Social Media is a crap term. Always has been. Certainly for the purposes of business and certainly increasingly as we understand the social landscape better.
The term “Social Media” is a mere label that is too focused on the tools. And because of that it is imprecise and insufficient for our purposes in the world of business. It doesn’t really fit what we are trying to achieve. What does it mean for us? Community management? Facebook marketing? Twitter offers? YouTube videos? Social PR? Content marketing? More? All of them?
It’s too broad and fails to get to the heart of the matter.

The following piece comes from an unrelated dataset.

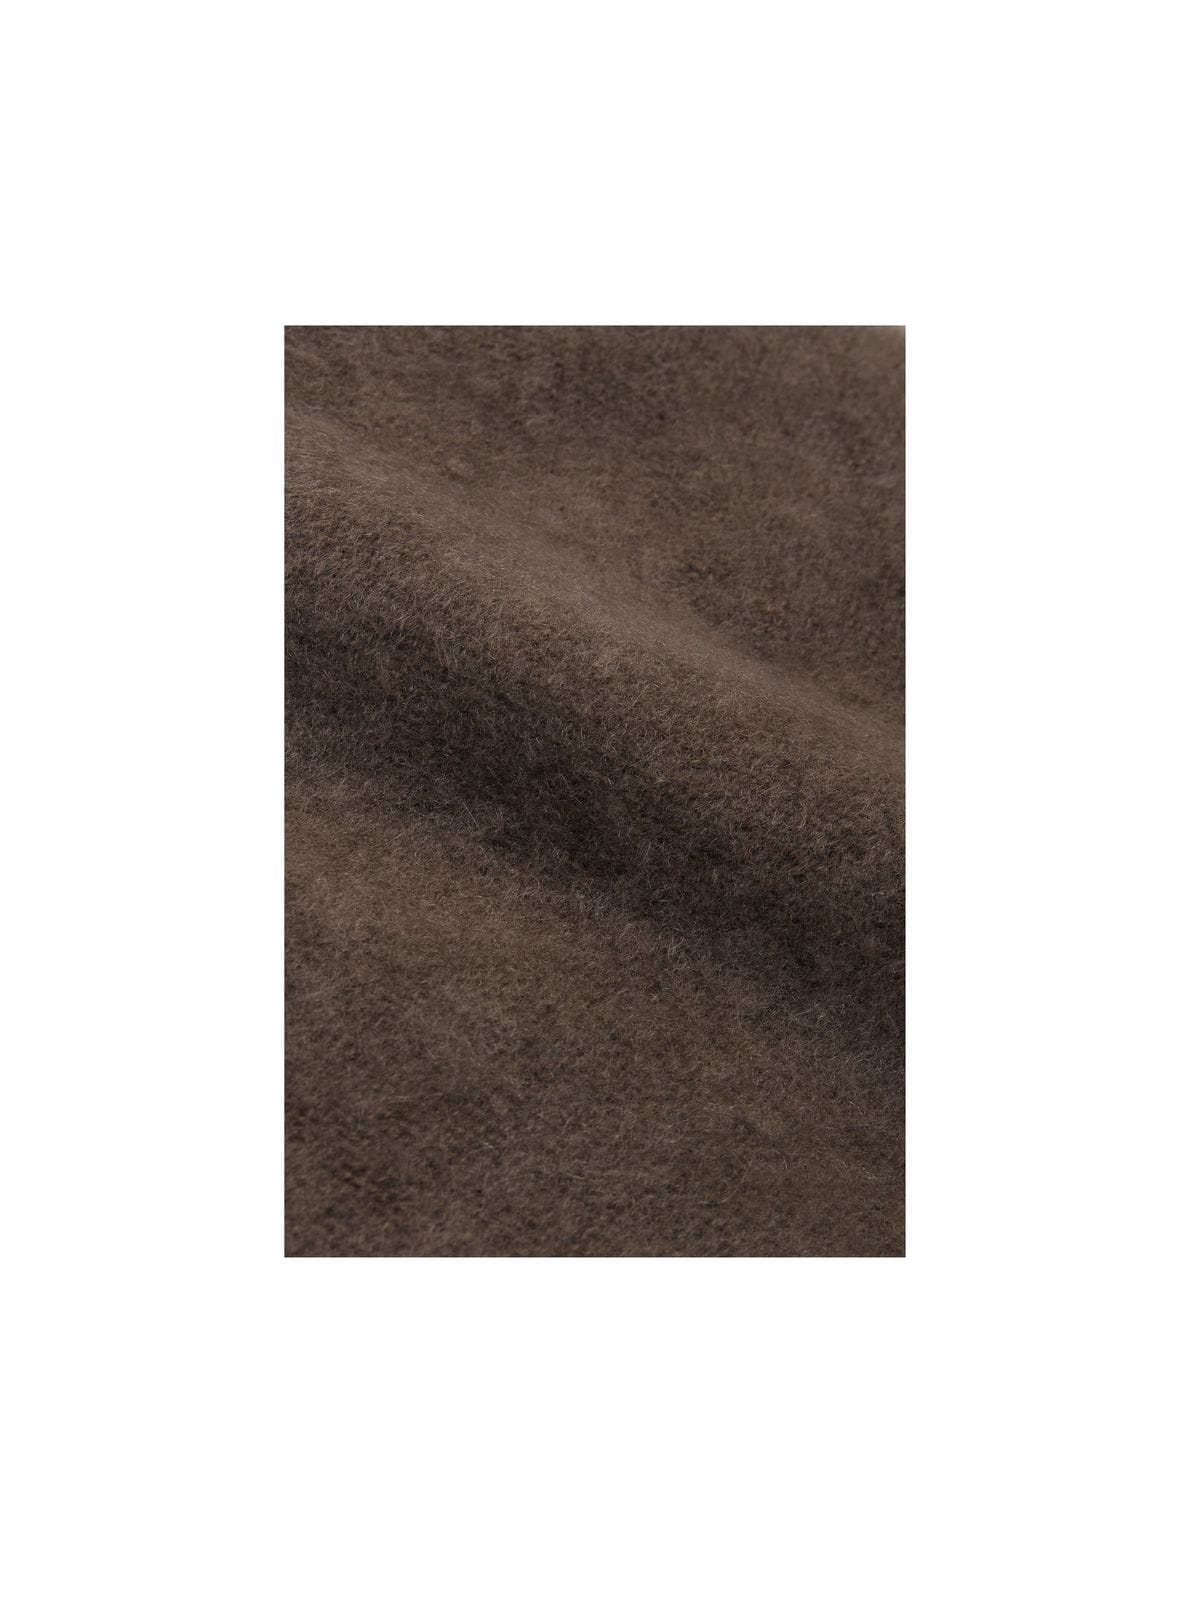 W241-41-Sally Brushed Major Brown_DET_1200x1600

Businesses are out of the loop.
In today’s commercial landscape we need to recognise that our customers have adopted (at astonishing rates) social networking practices and are carrying on conversations about us, our products, competitors and industries. Without us. Happily without us, actually. In fact, after years of being fed a load of marketing crap (who believes that that soap powder really is “new and improved” anyway?), consumers are disinclined even to trust us. We need to pay better attention.
Today we as businesses are presented with an opportunity to use the social networks to help us truly service our customers; to truly follow the old cliché adage that “the customer is number one”. We have an opportunity to actually put the customer at the centre of the business; to give them the involvement that they increasingly demand.
Social CRM
Customers control the conversation. How does the company respond? Social CRM (or becoming a social business) means moving beyond listening and engaging with customers to gleaning real, actionable insights that will help a business make their customers’ experiences better – better customer service, better communication, better support, better marketing, better products.
Social CRM is about creating organisation-wide processes and structures to:
- take in all the data (unstructured, raw, semi-structured) from our listening and interaction
- analyse that data for what’s important and meaningful from the customer’s point of view
- feed those insights into the organisation to create better outcomes (or to enhance the successful existing outcomes)
- and then deliver those better outcomes.
It’s a cyclical process that demonstrates to customers that we value them and are paying attention.
The best marketing strategy is to deliver a remarkable customer experience. Why not let our customers tell us what that is?